However, I have a few brief thoughts about the debate in general, more conceptual than factual, given that we have two weeks of similar discussions to look forward to. And the more it is discussed, the more I perceive the need to try to explain (probably in vain) the concept of performance analysis.
Dogmatic answers help nobody
First, I have realized that most people (present company excluded, if you’ve read this far) expect a simple answer to a complex problem. In fact, their desired answer should ideally fit into 140 characters so that it can be tweeted, and should not leave any room for interpretation. Where such room is left, people will choose to interpret it in a way that either seems naive (Froome and Sky must be clean), or pseudoscientific (change the name of your website to “the speculation of sport”, for example).
Earlier today, I read this article which was written by Antoine Vayer, who is now becoming known for interpreting Tour performances in largely one way – proof of “beyond mutant” physiology (those words belong to Google Translate, which did such a job on that article that gave me flashbacks to assembling a table tennis table with Chinese-English instructions). He writes that Froome’s calculated power output of 446 W (this is normalized to a 70kg rider, by the way, so it’s 6.4 W/kg, not 446/66kg, please note) and describes it as “miraculous”, leaving no doubt as to his conclusion that Froome is doping (apologies if something has been lost in transation).
Vayer is certain of his conclusions, that is for sure. Too certain, in my opinion. Because here’s the thing: While he may very well be correct, he is equally likely to be wrong, for a couple of reasons. First, as I’ve really laboured at every opportunity (though the message still hasn’t been received, based on the pseudoscience criticisms), the estimation of power output is likely to carry with it a large enough error that you simply cannot say things with 100% conviction. Some confidence? Yes. 100% confidence? No, not yet. The error in estimation exists because the assumptions of environmental conditions and mass influence the calculated value. A 3% over-estimation turns a calculated power output of 446W, or 6.4 W/kg, into 425W and 6.2 W/kg, which has implications for its plausibility. On this note, I’d also point out that the number calculated is just as likely to be an under-estimate than an over-estimate, so instead of dismissing 6.4 W/kg as high in error, bear in mind it might actually be 6.7 W/kg, and low in error.
I must also add that I think people are over-playing this error, and using it to distract from the debate – 3% is large, and most of what we’ve seen is smaller, barring a few exceptional situations.
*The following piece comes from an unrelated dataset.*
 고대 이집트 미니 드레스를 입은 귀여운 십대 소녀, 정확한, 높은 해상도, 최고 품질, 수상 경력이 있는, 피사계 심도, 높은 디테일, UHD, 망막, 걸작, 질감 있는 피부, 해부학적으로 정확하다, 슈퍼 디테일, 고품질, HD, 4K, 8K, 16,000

If the error is acknowledged for obviously extreme situations, and performances are viewed collectively over time, rather than in isolation, I believe they get small enough to not impact the conclusions in a large way. Beware the “pixelation” that happens when you stand too close to the picture, and you still get value. So I really do believe that the methods we’ve used are more accurate than some wish to acknowledge, but they’re not perfect. In this world of extremist views, however, “not perfect” is a synonym for “worthless”, which the method most certainly is not.
The physiological implications – probabilities, not certainties
The second reason I feel Vayer should adopt more caution with his conclusions is that there is room for interpretation in terms of what is “mutant” as opposed to plausible, even if the power output is accurately calculated (or better yet, measured). Vayer has interpreted his calculated power output of 446 W as almost mutant, strongly associating Froome with known dopers in the past.
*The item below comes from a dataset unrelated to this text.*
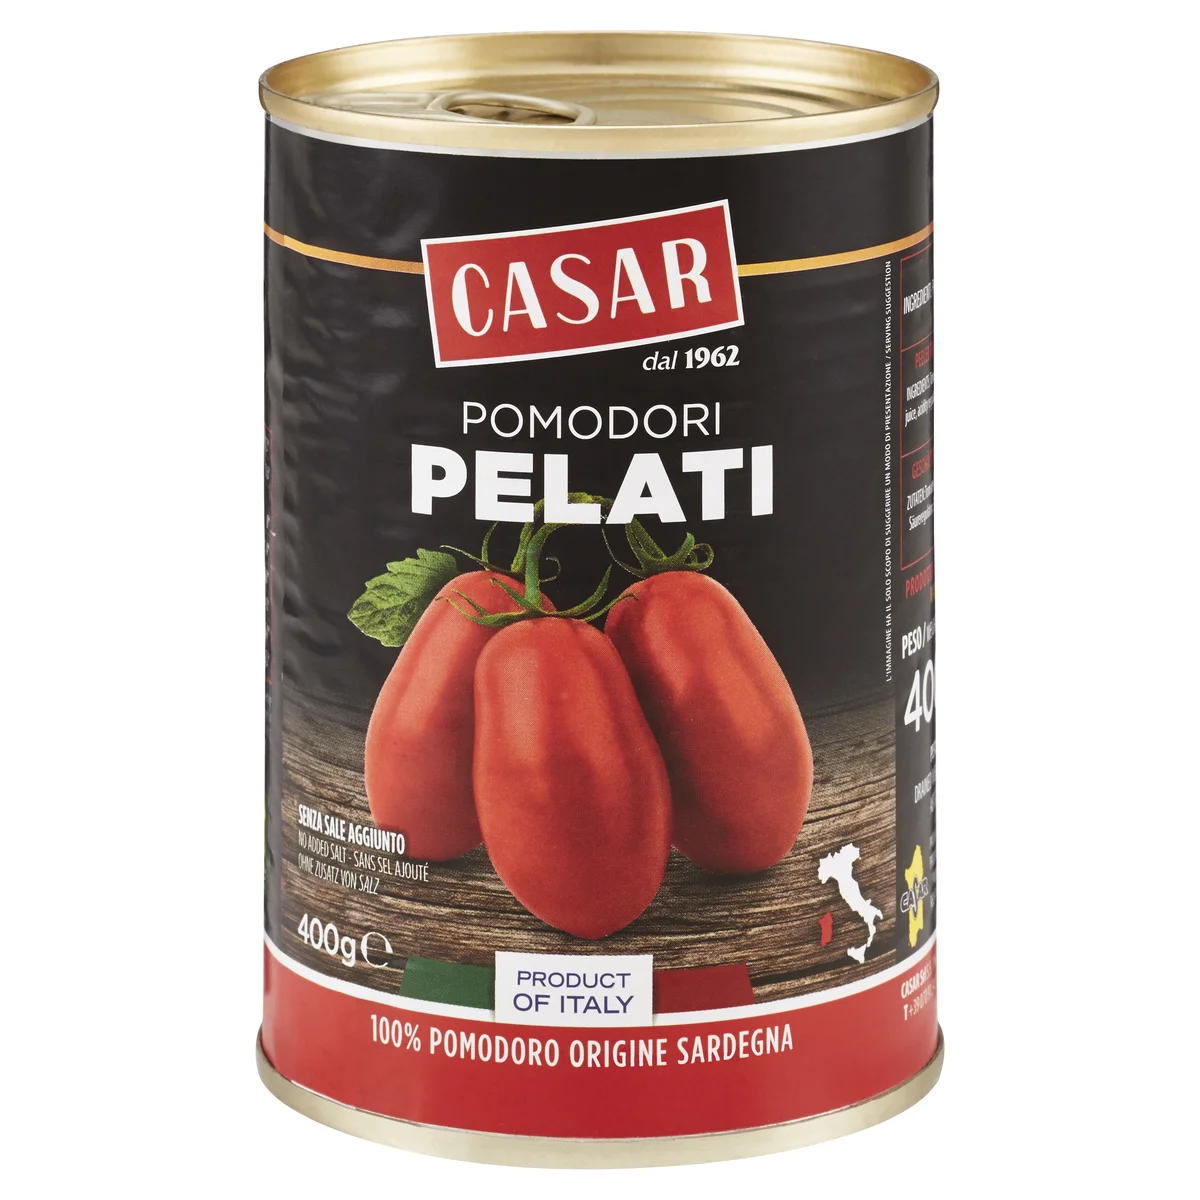 Casar Pomodori Pelati 400 g

Again, maybe Vayer will be shown to be correct in time, but that Ax-3-Domaines performance in isolation is not necessarily proof of doping. Nor is the 411W to 420W range of the other finishers in the “suspicious” range in the way he suggests. Of course, all the performances are suspicious – as the top finishers in the Tour, they are, sadly, under suspicion by their presence and the sport’s history!
However, Vayer’s definitive conclusions seem, at least from the translations I see, to be made without full recognition that the performance is the result of very complex physiology which is influenced by many factors, one of the most important being the duration of the climb. I’m told that in his magazine, “Not Normal”, he does adjust the expected power output based on the length, which is vital, because intensity should be higher on shorter climbs (apologies again if I have misconstrued this previously). That correction, or explanation, is absent from the latest article (as is the 70 kg method explanation, which also causes major confusion), but I would also disagree on the model he has arrived to get there, and that’s what makes his certainty misplaced, in my opinion.
On the matter of length, when a climb is short (and 24 minutes is relatively short), then a number of 6-6.1 W/kg is less suspicious than it would be over 40 minutes. This should be obvious, I hope. Physiologically, 6.4 W/kg for 24 minutes does not ring any alarm bells in and of itself. Remember, the origins of this approach are basically that performance implies physiology. Therefore, you can work backwards from power to estimate the physiology driving it.
The challenge is that there are three factors to account for – the VO2max, the efficiency and the sustainable workrate. If only two existed, a model could be created where one is played off against another, until a power output created an impossible balance, and a given performance could be flagged as unreasonable. However, when three factors are in play, it’s impossible to do this with certainty – too many ‘degrees of freedom’.
For example, that 6.4 W/kg calculated for Froome can be used to calculate an implied VO2max, by assuming his efficiency and his sustainable workrate, two of the three variables. Typical assumptions for both (24% and 85% of maximum workrate) produce an estimated VO2max of 88.6 ml/kg/min. Very high, and I’d be doing a double-take if I saw that combination of relatively high efficiency and super high VO2max in a lab, but it’s not ‘mutant’ or impossible, just very unusual.
However, what happens if he is able to ride at 90% of maximum, given that it’s only a 23 minute effort off the back of a relatively easy stage? Well, now, the prediction for VO2max drops to 83.7 ml/kg/min. And if his gross efficiency (a measure of how thrifty he is in using oxygen to produce energy) were to increase to 25%, then it’s only 80.4 ml/kg/min. I have summarized a range of these possibilities in the table below, with blue for lower efficiency (23%), green for moderate efficiency (24%) and red for high efficiency (25%).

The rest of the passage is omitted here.